After a fine year at bat in 1935, Joe suffered through a frustrating season in 1936. The acquisition of Jimmie Foxx and others from the Athletics made the Red Sox a supposed pennant contender, but Joe had an injury-plagued season and the Red Sox finished a disappointing sixth. At this point many observers thought Joe might be through at just 30 years old.
Instead, Joe rebounded to hit .307 with 18 home runs and 110 RBIs in 1937, then .325 and a league-leading 51 doubles in 1938, as the Red Sox finished in second place with 88 wins, their most as a team in 20 years.
The Red Sox had a fine year in 1939, and Joe had another good season at the plate. He hit .a career-high 24 home runs in 1940, then hit .311 with 95 runs batted in 1941.
Joe started in seven All-Star games, including the first three, and would have started a few more had the game existed earlier in his career.
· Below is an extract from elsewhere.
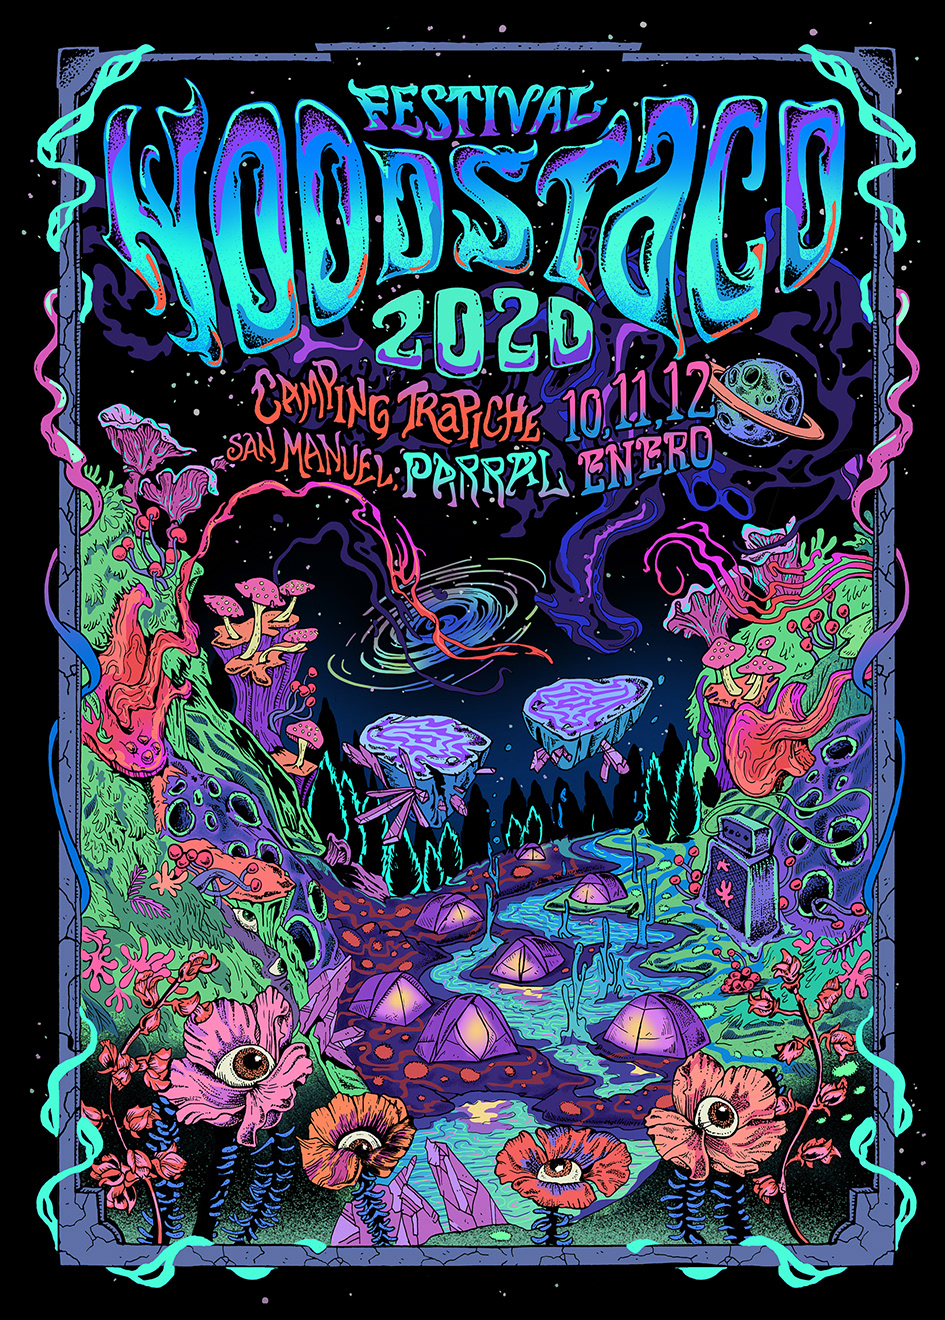 woodstaco festival gig poster Psych psychedelic nakasato rock

After his All-Star season in 1941, he quietly stepped aside for rookie Johnny Pesky in 1942.
After that, he became a utility infielder and pinch-hitter, setting a league record with five pinch home runs in 1943. In April 1945 he broke his leg in a game against the Yankees, missed the rest of the reason, and hobbled away from his playing career.
By then Joe was no longer the young upstart manager, but was a veteran on a team that was developing young talent. The new generation, men like Ted Williams, Dom DiMaggio and Bobby Doerr, admired and respected him. After the war for the first time in 1946, Joe managed the Red Sox to the AL pennant, but lost the World Series to the Cardinals.
At the end of the 1947 season, Joe took off his uniform for good, and became the club's general manager. The Red Sox competed for the AL pennant in 1948 and in 1949, finishing second by a single game both seasons, thanks to Joe's aggressive trades.
But they began a slow decline during the 1950s and did not seriously contend. One factor was a large number of "bonus babies" who never panned out.
During his time, Joe made some unsuccessful efforts to integrate the team, including attempts to sign or trade for black players, such as Bill Greason, Larry Doby and Charlie Neal. In 1949, he sent a scout to evaluate the 18-year-old Willie Mays. But they passed on Mays and instead signed 32-year old, Lorenzo "Piper" Davis, who became the first black player to sign with the Red Sox organization in 1949. However, he was released after one season.
As the GM, Joe had to deal with occasional controversies with Ted Williams, the mental breakdown of outfielder Jimmy Piersall, and the shocking death of young first base star Harry Agganis. Meanwhile, his power and prestige within baseball continued to grow. When AL President Will Harridge left, Joe was quickly hired to succeed him.
In 1966, Joe hired the first black major league umpire, Emmett Ashford. In an interview Ashford stated, “Jackie Robinson had his Branch Rickey, I had my Joe Cronin.”
Joe Cronin, one of the greatest shortstops in the game’s history, spent 50 years in the baseball without being fired or taking a year off. Every job was a promotion, and he came within a whisker of being baseball’s commissioner. He was inducted into the Baseball Hall of Fame in 1956.
Joe was battling cancer, when he came to Fenway Park for one of his last public appearances, his jersey number #4 being retired on May 29, 1984. He died at the age of 77 in September.